BEGIN DATASET
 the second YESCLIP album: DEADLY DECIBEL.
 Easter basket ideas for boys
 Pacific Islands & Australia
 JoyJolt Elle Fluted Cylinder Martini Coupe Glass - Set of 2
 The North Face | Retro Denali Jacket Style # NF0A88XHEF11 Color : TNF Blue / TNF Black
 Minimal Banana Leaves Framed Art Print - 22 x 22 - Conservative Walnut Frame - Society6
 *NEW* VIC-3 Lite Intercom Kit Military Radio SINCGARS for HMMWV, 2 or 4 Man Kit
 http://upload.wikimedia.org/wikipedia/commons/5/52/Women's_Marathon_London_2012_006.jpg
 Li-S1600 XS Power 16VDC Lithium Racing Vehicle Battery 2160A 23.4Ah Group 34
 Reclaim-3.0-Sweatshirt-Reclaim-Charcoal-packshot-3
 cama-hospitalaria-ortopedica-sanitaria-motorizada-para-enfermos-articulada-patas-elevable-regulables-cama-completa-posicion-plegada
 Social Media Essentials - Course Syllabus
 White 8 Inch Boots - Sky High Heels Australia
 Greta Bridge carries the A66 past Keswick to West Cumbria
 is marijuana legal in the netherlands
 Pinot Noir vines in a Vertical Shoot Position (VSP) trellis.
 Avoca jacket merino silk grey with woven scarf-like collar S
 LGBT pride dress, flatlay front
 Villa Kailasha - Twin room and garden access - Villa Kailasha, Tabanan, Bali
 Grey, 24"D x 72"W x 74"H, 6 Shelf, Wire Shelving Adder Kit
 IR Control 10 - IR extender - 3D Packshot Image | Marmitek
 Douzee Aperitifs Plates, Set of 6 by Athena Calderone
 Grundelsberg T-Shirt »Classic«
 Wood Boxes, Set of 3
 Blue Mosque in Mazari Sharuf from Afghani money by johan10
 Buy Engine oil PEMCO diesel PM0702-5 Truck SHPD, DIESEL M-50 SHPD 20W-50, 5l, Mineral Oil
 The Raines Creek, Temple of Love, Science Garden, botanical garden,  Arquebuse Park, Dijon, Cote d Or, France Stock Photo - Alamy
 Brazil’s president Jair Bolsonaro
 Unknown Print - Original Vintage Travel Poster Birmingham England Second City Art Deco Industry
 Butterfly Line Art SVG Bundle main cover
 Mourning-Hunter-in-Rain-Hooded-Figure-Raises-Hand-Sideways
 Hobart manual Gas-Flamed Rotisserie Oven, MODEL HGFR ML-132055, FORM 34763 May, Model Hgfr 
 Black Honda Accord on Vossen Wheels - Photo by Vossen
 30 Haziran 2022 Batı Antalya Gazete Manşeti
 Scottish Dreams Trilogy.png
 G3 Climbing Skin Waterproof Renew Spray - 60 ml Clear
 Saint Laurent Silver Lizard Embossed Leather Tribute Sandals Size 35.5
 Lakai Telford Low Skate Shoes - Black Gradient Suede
END DATASET
PROBLEM DESCRIPTION — Search the data above for the word "Print" and count the lines where it appears. Only the number should be given.

SOLUTION — 2